Home RogerBaylor.com 40 Years in Beer, Part Thirty-Three: Herzlich Willkommen in der Weltbierkulturerbe-Stadt Bamberg
40 Years in Beer, Part Thirty-Three: Herzlich Willkommen in der Weltbierkulturerbe-Stadt Bamberg
Altstadt (the old town) in Bamberg, via Wikipedia.
Previously: 40 Years in Beer, Part Thirty-Two: Vienna’s “Old Whisky Malt Waltz,” a precursor of beer revolutions to come.
Keyboardist Robert Lamm of the venerable pop-rock band Chicago generally is regarded as one of his generation’s finer pop-rock songwriters, which utterly fails to explain his choice of words in the chorus of “Forever” (1986).
Forever
is a long, long time.
Longer than we ever realize.
Forever
is a long, long time.
I’m gonna love you the rest of my life.
Forever.
Trite much?
Earth to Robert: Of course forever is a long time—got anything else?

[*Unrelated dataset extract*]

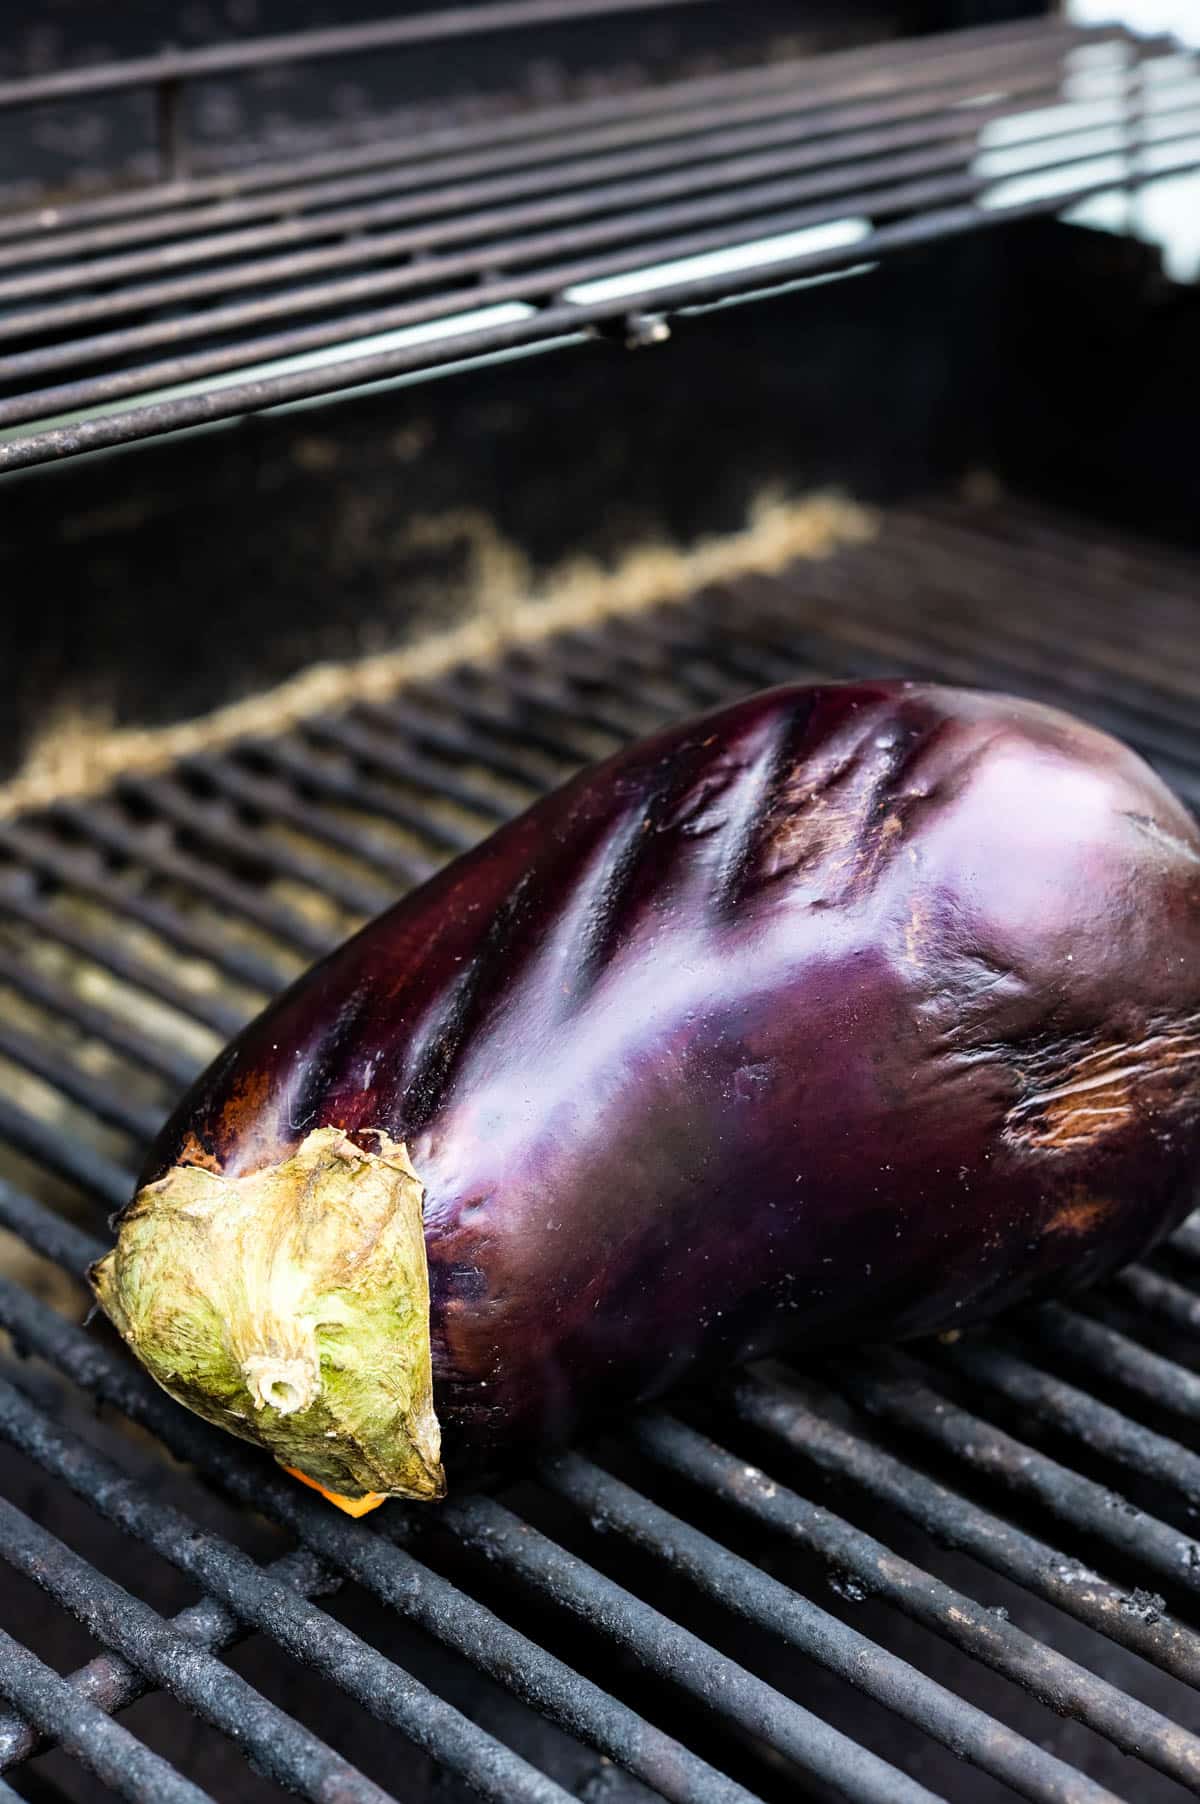 A whole eggplant on a grill.
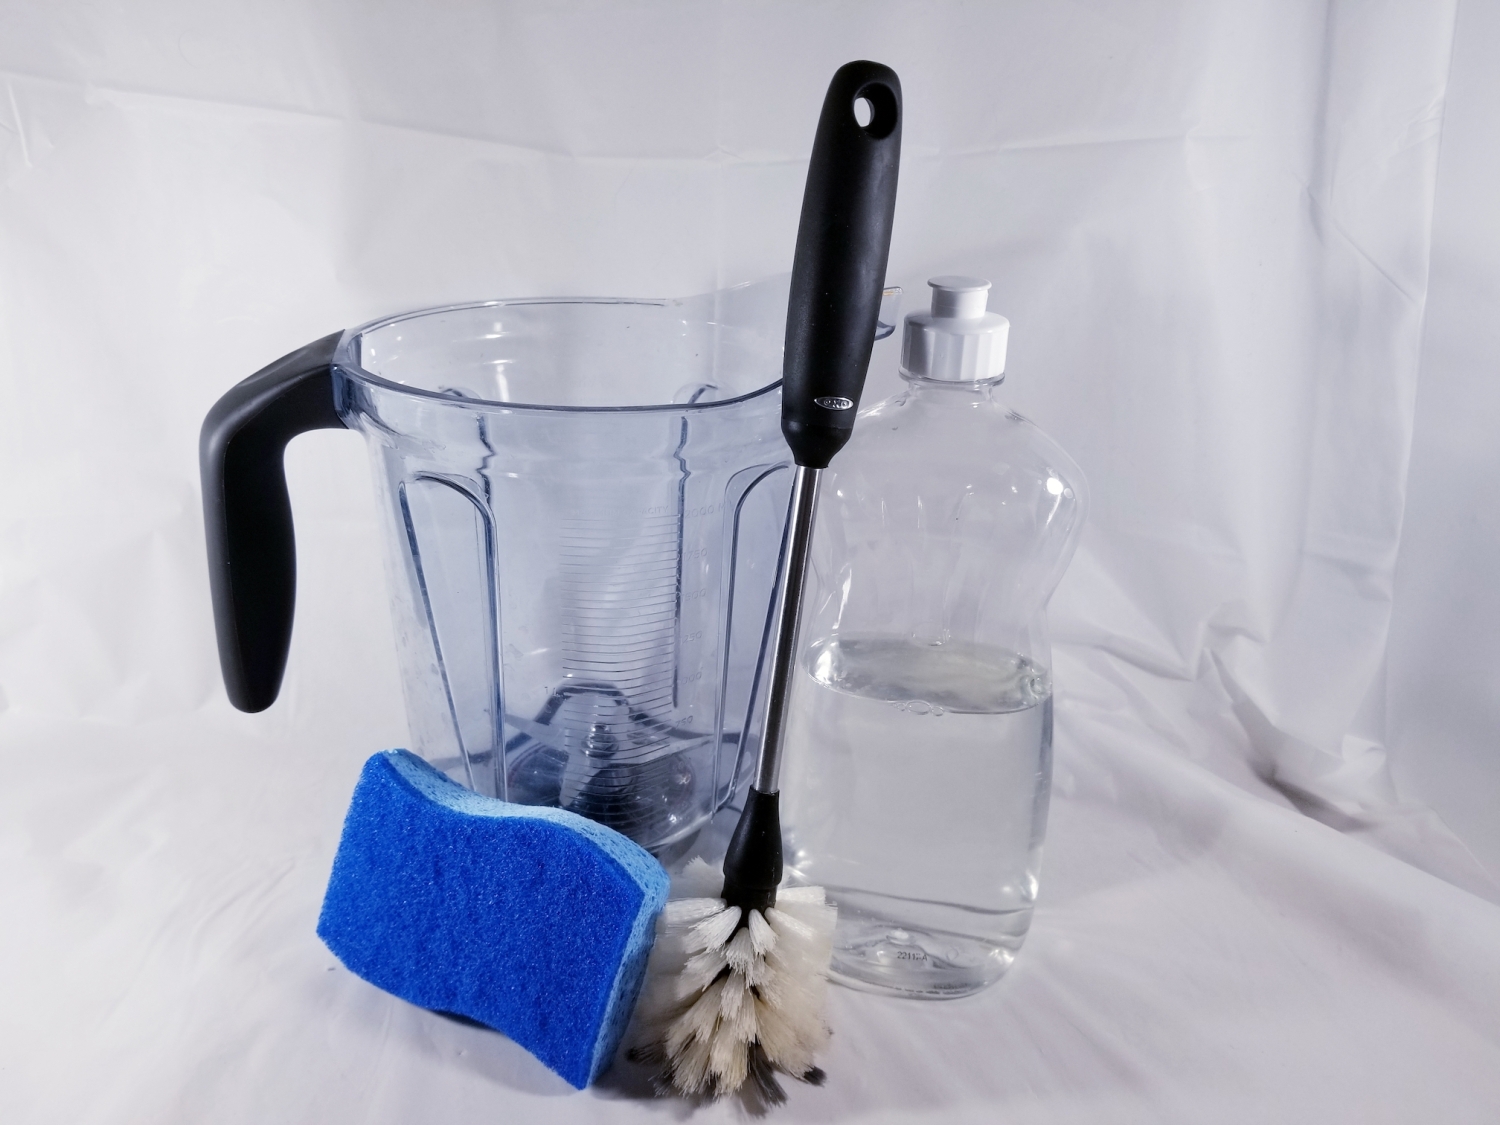 The blender container, a bottle of soap, a sponge, and a scrub brush

On the bright side, this song’s horn arrangement, which is positioned as an instrumental bridge, actually is an improvement on Chicago’s usual 1980s synth-driven standards (please don’t ask me how I know all this), and if I’m to be charitable, perhaps Lamm’s words aren’t quite as clunky as they appear at first.
That’s because “forever” must be contextualized. After all, there is Homo sapiens time, and there is deep time.
Most of us understand that deep time is well-nigh incomprehensible. Homo sapiens time is an expedient and purely relative construction, devised to assist us in better organizing our consciousness during the sadly finite period we’re allotted to walk the earth.